A recent systematic review with meta-analysis [23] of 33 clinical trials evaluating OFA versus opioid anesthesia in various types of surgery did not show a difference in pain scores or postoperative use of morphine, corroborating the results found in our study. However, PONV rates were significantly lower in the group without opioids. We do not know whether this better outcome with nausea and vomiting may have been influenced by the protocols used, as most of them used dexmedetomidine in continuous infusion. The largest research included in this review was a multicenter study that compared remifentanil versus OFA with dexmedetomidine in non-cardiac surgery [24]. Although morphine consumption and PONV were lower in the OFA group, this group had more episodes of hypoxemia and adverse events and was discontinued due to five cases of severe bradycardia. The dose of dexmedetomidine was higher than in our study and was administered in continuous infusion.
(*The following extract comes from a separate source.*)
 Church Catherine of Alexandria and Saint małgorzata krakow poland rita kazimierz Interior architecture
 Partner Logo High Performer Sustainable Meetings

This study had limitations, and some factors could have influenced our outcomes. First of all, it was not possible to standardize the use of the bispectral index (BIS) and train four (TOF) monitors. Due to the difficulty in obtaining the device for all participants, we chose not to use it in any of them. Studies showed that dexmedetomidine or drugs, such as lidocaine, ketamine, or clonidine, reduced the need for inhalation anesthetics [15, 21, 25]. However, as we couldn’t use BIS in this study, a standard dose of sevoflurane was used in all patients (0.9−1 MAC), and we may have lost possible benefits with a lower MAC in the OFA group, especially regarding PONV [26]. The non-use of TOF also meant that rocuronium was standardized with intraoperative doses every 40 min of surgery. Therefore, it is not possible to say about the quality of muscle relaxation and whether this may have interfered with the result. Some studies associated better relaxation with lower intraabdominal pressure during the pneumoperitoneum and less postoperative pain [27]. In addition, neither the level of sedation nor the patient’s comfort or satisfaction was assessed, and analgesia was evaluated by VNS, even when the patient did not complain of pain. It’s known that psychological and psychiatric illnesses are more common in obese patients than in the general population [28], and no preoperative tests assessing these problems were made. Therefore, we cannot guarantee that those were distributed equally in both groups. Besides, differently of most OFA protocols in literature, we chose clonidine in continuous infusion instead of dexmedetomidine. Both drugs have already been associated with decreased postoperative pain and opioid consumption [29], but the dose used in our study could be lower than it’s required to see an opioid-sparing effect [30].

Although we could not demonstrate a benefit of OFA compared to opioid anesthesia, our protocol was effective and safe. In a world looking for alternatives to reduce opioid use and abuse, this method is a feasible option and deserves physicians’ attention. There are several OFA protocols, and each experience with these drugs should be shared. More studies on this subject would help to clarify and optimize this modality of anesthesia.

The present study did not find benefits of OFA compared to general anesthesia with opioids. However, this protocol was shown to be safe and effective.